There are poems that call on a new home to fulfill its potential, as Senegalese poet Leopold Sedar Senghor calls on New York to “open . . . “:
. . . your ears, especially your ears, to God
Who in one burst of saxophone laughter
Created heaven and earth in six days,
And on the seventh slept a deep Negro sleep.
(“To New York, 3,” trans. Melvin Dixon)
Then there are poems such as Romanian poet Paul Celan’s “Deathfugue” (trans. John Felstiner) that can stand alone, due to both the strength of its craft and because its historical context (Nazi death camps) is so generally well known. Or Danish poet Inger Christensen’s “Alphabet” (trans. Susanna Nied), a meditation on nuclear annihilation that is beautifully excerpted here, but is even more stunning in its entirety.
What one wants to do with an anthology such as this is find connection, to find poems that express how alike we are, and to settle on uniqueness instead of difference. That’s easy to do in this collection, where all voices lament the failures of humanity, and all voices bow in wonder at the gift of life. Home and homelessness, prayer and godlessness, humanity and our inconceivable inhumanity—these are, in this anthology, the issues of our time. What softens and opens the reader, though, is the many voices together that ask as one for a better world, that call out across time and distance to each other for strength and compassion and action. Some snippets of this century-long, worldwide conversation include:
The Korean poet Kim Nam-Jo wonders “what it’s like / to be shaking all over, looking down / on the mutability of people and things?” and the Serbian poet Vasko Popa responds, “The little box which contains the world / Fell in love with herself / And conceived / Still another little box.”
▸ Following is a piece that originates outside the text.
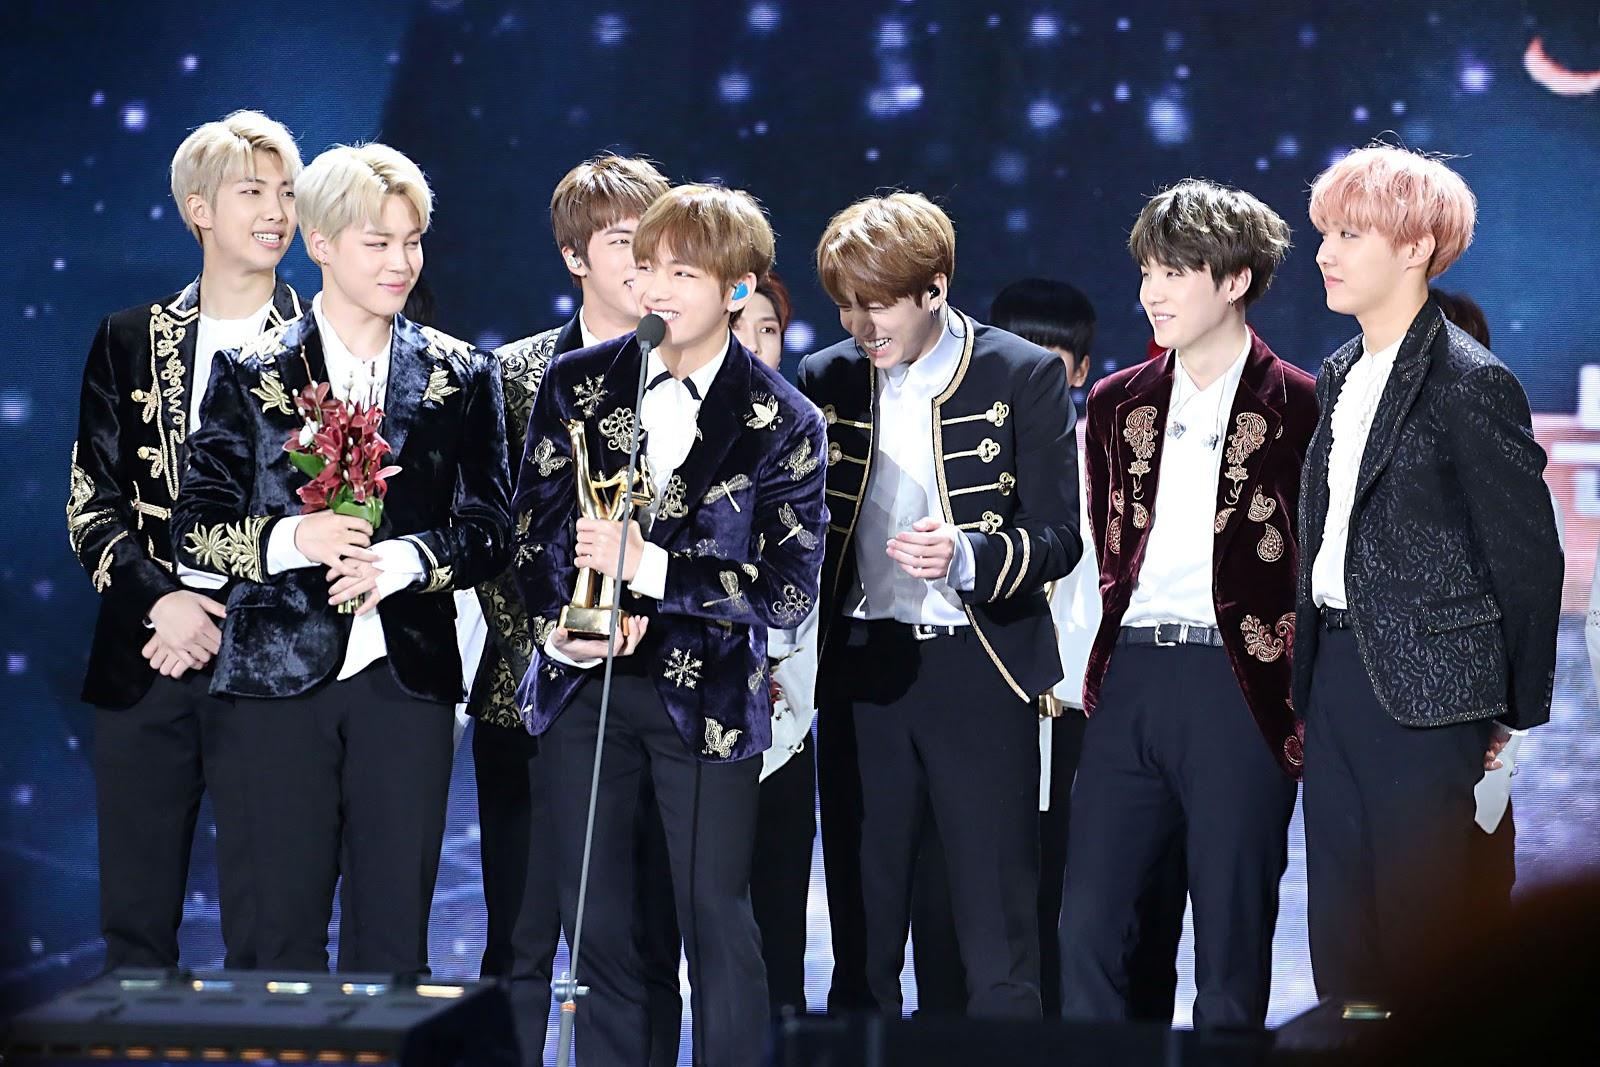 BTS_at_the_31st_Golden_Disk_Awards

The Finnish poet Edith Sodergran writes, “On foot / I wandered through the solar systems, / before I found the first thread of my red dress,” and the Pakistani poet Faiz Ahmed Faiz commiserates, “Now everything is like my heart, / a color at the edge of blood.”
And just when one feels completely desolate: “I am Adam / who heard god say / / farewell Adam,” by Indonesian poet Sapardi Djoko Damonno, one feels that thought strangely twinned: “in the morning or at any time, in the morning / you dream you wake up, you’re afraid of waking up,” by Chinese poet Duoduo.
Or one finds a transcendental spirit, as in that of Israeli poet Aharon Shabati, who wrote: “My heart’s so full of shit, / and that’s the quality in me that sings . . . ” and Mexican poet Ricardo Castillo, who echoes, “I just want to be the greatest pisser in history, / Oh Mama, for the love of God, the greatest pisser in history.”
Are you swaying and humming “We Are the World” yet? Fear not: Kaminsky makes an important choice in the formatting of this anthology. There are roughly 428 poems, 209 poets, and 65 (though nothing could be disputed more vehemently) nations represented herein. Rather than categorizing by nation or language, a choice that would at once be artificial, multiplicitous, and oversimplified, Kaminsky organizes the poems chronologically by the year of each poet’s birth. From the first poem (by Bengali poet Rabindranath Tagore, born 1861), to the last (Belarusian poet Valzhyna Mort, born 1981), the effect is sobering: it binds these voices across time and space without trivializing them or imposing limiting categories. It makes for a nuanced and interesting read, a historical framework that places the emphasis on content, which is, after all, what Kaminsky had hoped.
Ellen Welcker is a poet living in Seattle. Her first book, The Botanical Garden, has just been published by Astrophil Press.